┌──

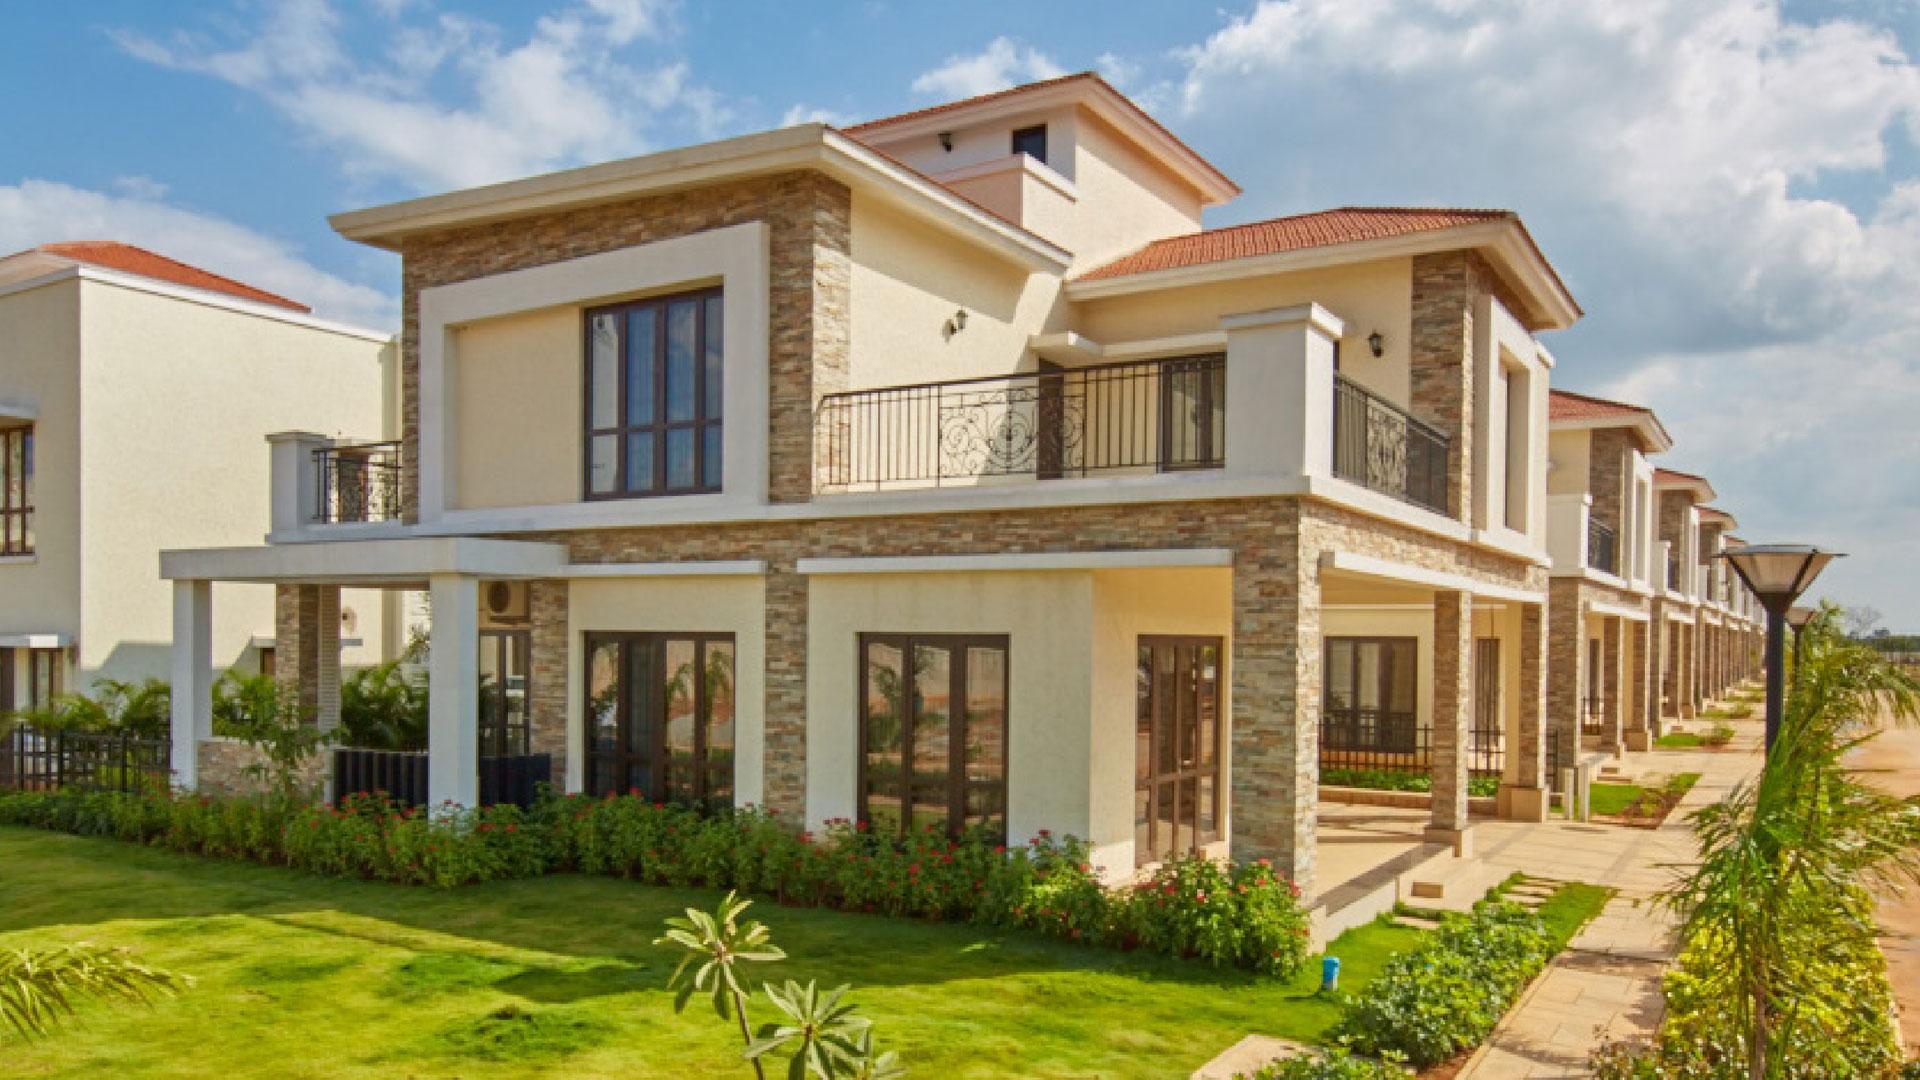 prestige-glenwood-Villas-in-Avalon-Layout-Bangalore-Image-02
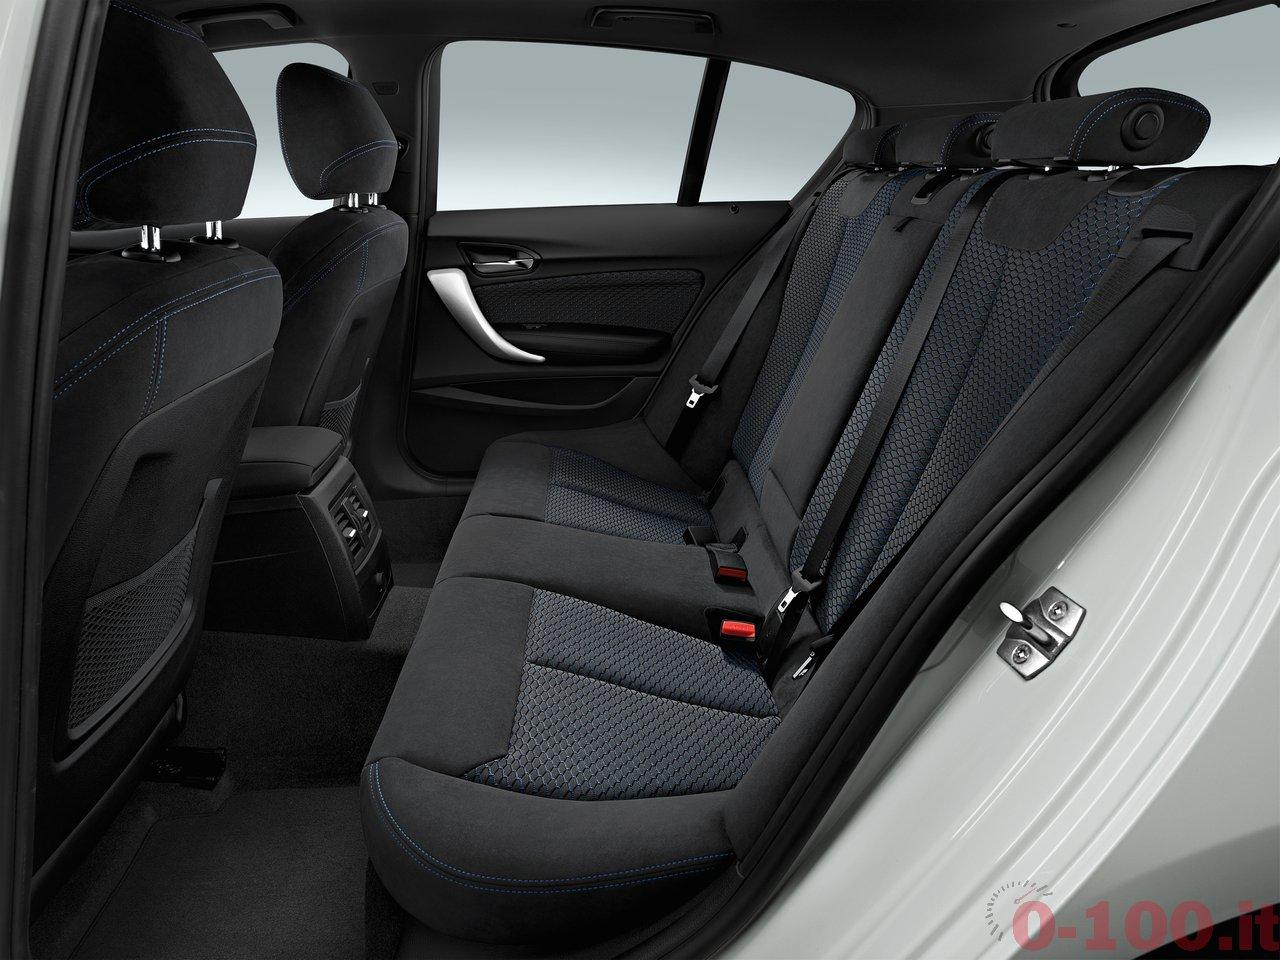 BMW-serie-1-2015_116d-118d-120d-125d-116i-118i-120i-125i-135i-0-100_55
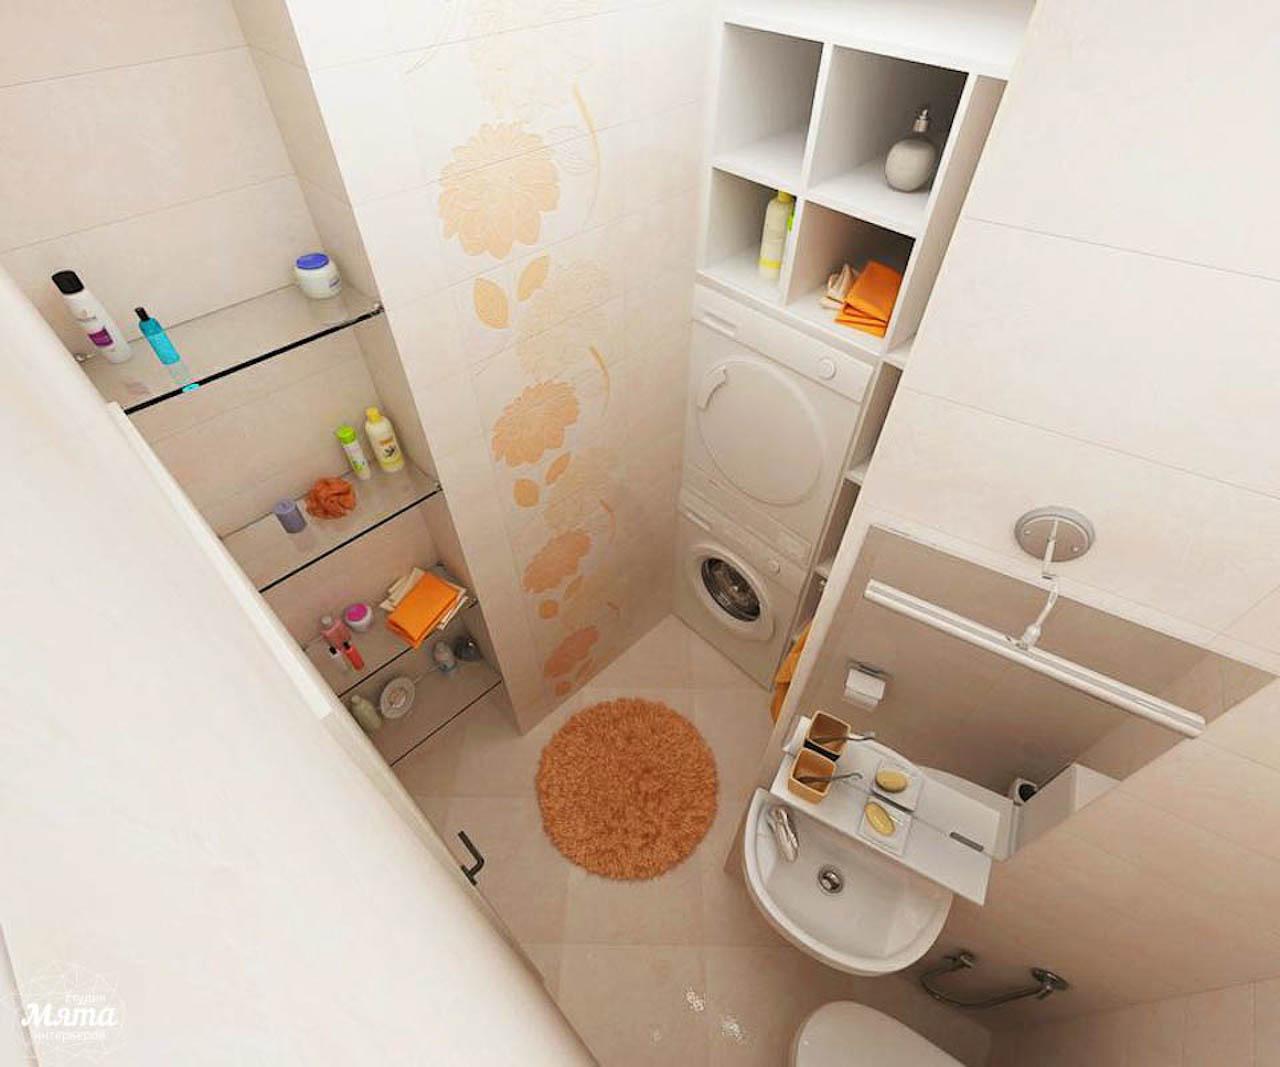 Дизайн интерьера трехкомнатной квартиры по ул. Куйбышева 80/1 img909506661

└──

INSTRUCTIONS TO FOLLOW
Drop the pictures; repeat the listing above exactly.

ANSWER FOR THIS EXERCISE
 prestige-glenwood-Villas-in-Avalon-Layout-Bangalore-Image-02
 BMW-serie-1-2015_116d-118d-120d-125d-116i-118i-120i-125i-135i-0-100_55
 Дизайн интерьера трехкомнатной квартиры по ул. Куйбышева 80/1 img909506661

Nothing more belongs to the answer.